# Introducing scuds ( Hyalella azteca) to snail tank.



## Konsa (8 May 2017)

Hello 
As per title thinking of culturing some scuds for my Asellus puffers to provide some diet variety. 
Will it be good idea to introduce them to my snail breeding planted tank (modified Betta duo)as I read that they may eat the plants and even the snails.
The tank is heavily fed on daily basis and there is plenty of debris for the scuds to feed of.
My idea is to use them as cleaning crew to  help break the snails waste as thay are messy with that much food.My worries are about the baby snails and plants 
Any advice highly welcome 
Regards Konstantin


----------



## dw1305 (9 May 2017)

Hi all, 





Konsa said:


> Will it be good idea to introduce them to my snail breeding planted tank (modified Betta duo) as I read that they may eat the plants and even the snails.

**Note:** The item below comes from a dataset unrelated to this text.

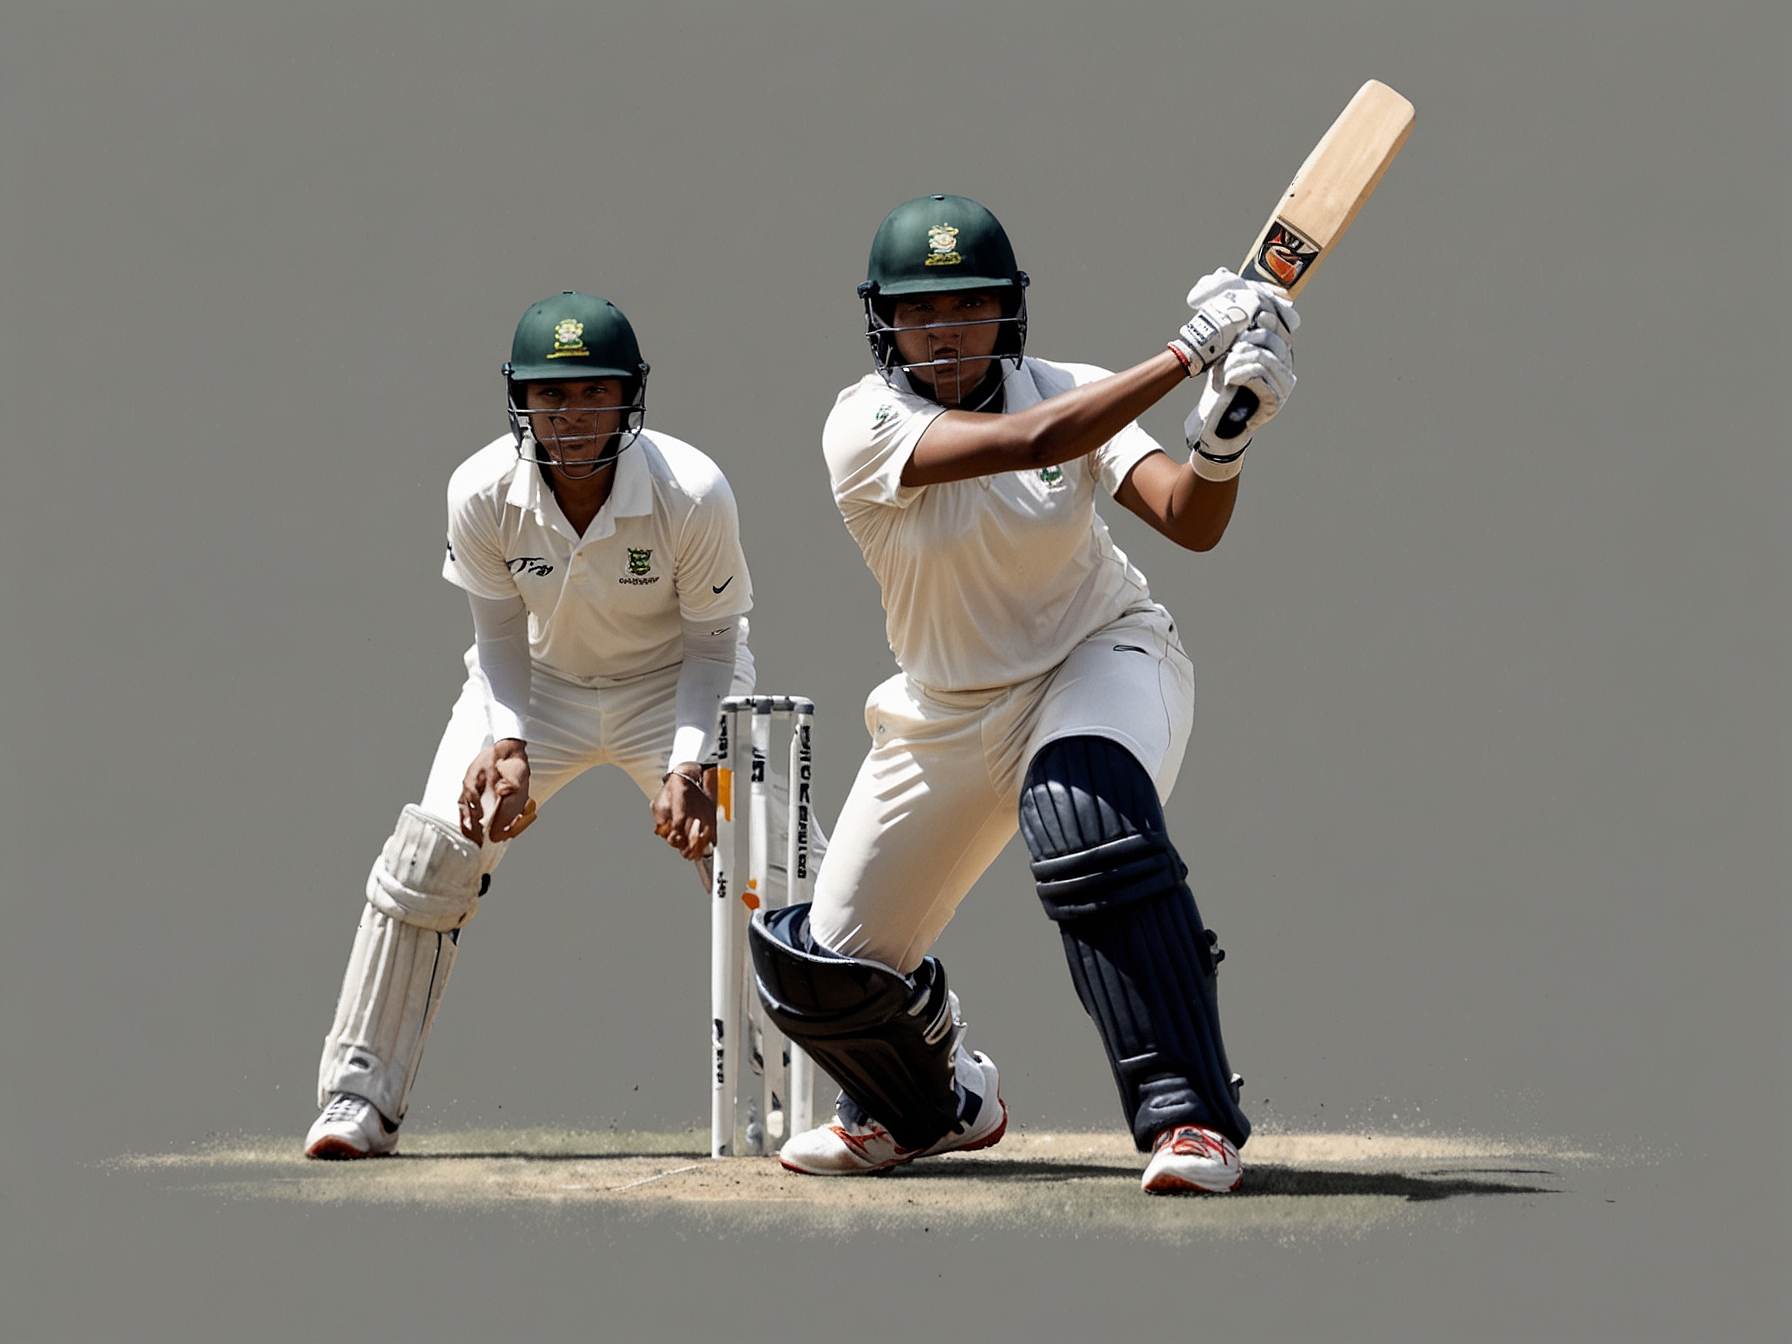 South Africa Women's middle-order batter attempts to stabilize the innings, facing disciplined Indian bowling and aiming to bridge the 367-run deficit in a highly competitive match.

I haven't kept _Hyalella (_they don't enjoy soft water_),_ but I think they are <"pretty omnivorous">, and the (relatively) closely related _<"Dikerogammarus_"> is the "Killer shrimp" ._ 
_
I have both _<"Asellus aquaticus">_ and _<"Crangonyx pseudogracilis"> _and they are plant (and snail) safe_. _You are more than welcome to a starter pack of these.

cheers Darrel


----------



## Konsa (9 May 2017)

Thank you Darrel.
Will do a bit of reading on them and finish decorating here.Once I manage to put all tanks back in place will pm .
Regards Konsa


----------